BSC 4934 Homework 2

Due: July 26, 2010.

Part A: SwissPROT, UniPROT and PDB DATABASE.

We will now explore Swiss-Prot (currently called UniPROT, the best-curated protein sequence database. A related database is TrEMBL, which is the uncurated version of Swiss-Prot. Go to the SWISSPROT database. Search for P53. Confine your search to only UniProtKB. Since you already know its length, it should be easy to locate P53_HUMAN. Click on it and go to the entry for the protein. After the list of references on the protein, the comments fields tell us, among other things, that p53 acts as a tumor suppressor, and its normal function is to stop cells from growing, or to die at the right time (apoptosis). When something goes wrong with p53, cells can grow in an uncontrolled manner, a hallmark of cancer. Find the section titled "Natural Variations", and you will find a list of alternative splice variants and many mutations of the p53 gene that cause it to make a different amino acid at some position in the protein, making the person prone to getting cancer. These are usually SNPs (single nucleotide polymorphisms) that cause a substitution of one amino acid for another. Find the tumor-causing substitutions of R (arginine) at position 110.

Q1: What amino acid substitutions of the R at position 110 in the p53 protein are listed as involved in cancers? What SNPs might cause these?

To answer the above question, you will need to go back and find the three nucleic acids in p53 that form the codon that makes the R in position 110 in p53. Then you will have to look in a table of the genetic code to see what codons code for these other amino acids. You can find the genetic code by clicking here.

SWISSPROT gives extensive cross-references to other databases, including GenBank and the mirror site at EMBL (European Laboratory for Molecular Biology), PIR (protein Information Resource), and PDB, the Protein Data Bank, a database of three-dimensional protein structures. We'll look at this later in the assignment. The fact that P53 has PDB links implies that the protein structure has been determined by crystallography or NMR methods.

For now, find the PFAM entry in the p53 SWISSPROT record and click on it. PFAM is a database of multiple alignments of related protein sequences. Sets of protein sequences that have evolved from a common ancestor are very useful in understanding and predicting aspects of protein structure and function. Read the description of the P53 family. Click on "Alignments". Under "View Options" select "Jalview", which is a Java tool to look at the multiple alignment, if you want to explore this further.) You see a "seed" alignment of 7 protein sequences. You can also look at the "full" alignment of 288 proteins from the family. Scan across, and note that some regions of the protein are more highly conserved than others.

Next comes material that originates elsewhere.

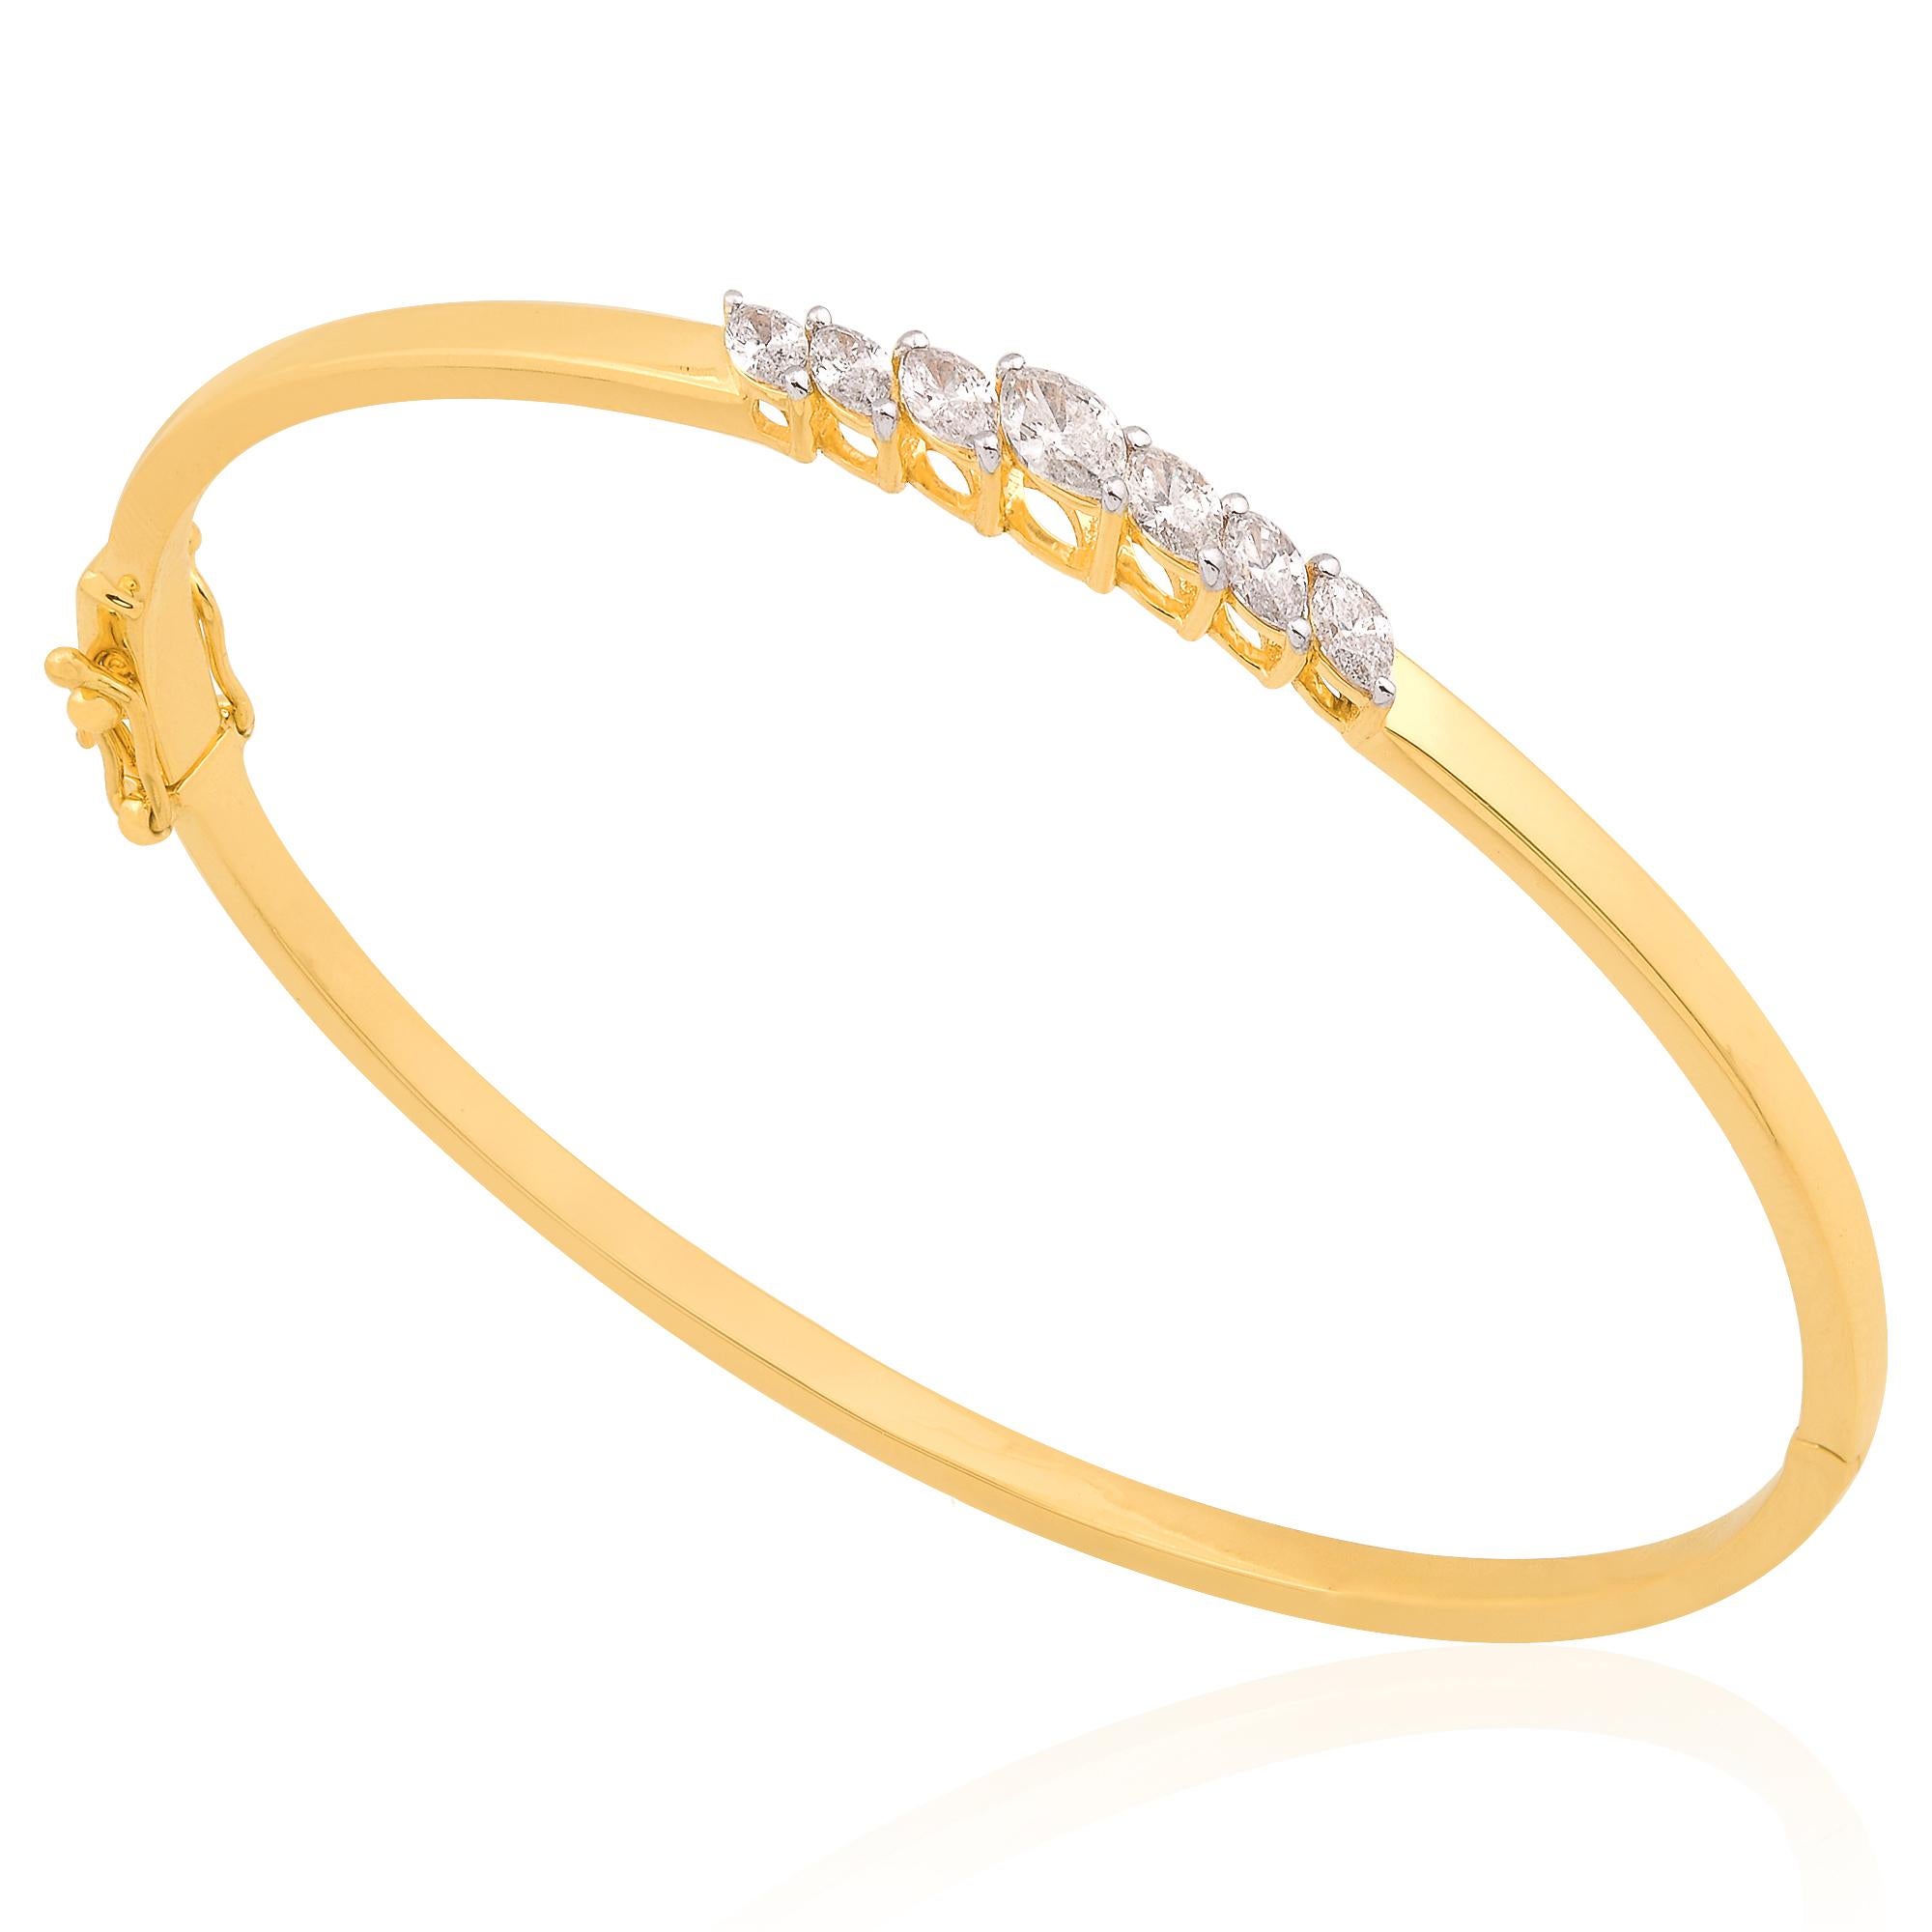 Le point focal de ce superbe bracelet est l'envoûtant diamant taille marquise, pesant 0,60 carats, soigneusement serti de manière sûre et captivante. Sa forme allongée respire la grâce et la sophistication, tandis que ses facettes brillantes captent

In the early days, Amos Bairoch, the designer of SWISSPROT, and his collaborators put a lot of effort into developing generalized "signature" motifs that allow particular substitutions in particular places in the motif, in hopes of finding motifs that would have no false positives or false negatives for a given protein family. The motif database they produced is called PROSITE.

Go back to the SWISSPROT p53 page and click on the PROSITE link. Study the entry. The PROSITE entry proposes the completely conserved motif M-C-N-S-S-C-[MV]-G-G-M-N-R-R as a signature motif for the p53 family, and they tested this pattern at the time this work was done, concluding that it found no false positives or false negatives. However, the database has grown considerably since then, as has our ability to locate likely orthologs. We now know that hidden Markov models (HMMs) are a better way to define characteristic "patterns" that are present in protein families, which can then be used to find new members of that family. Feel free to explore this aspect of PFAM further. Also explore the links for "HMM Logo" to obtain a signature pattern in Logo format.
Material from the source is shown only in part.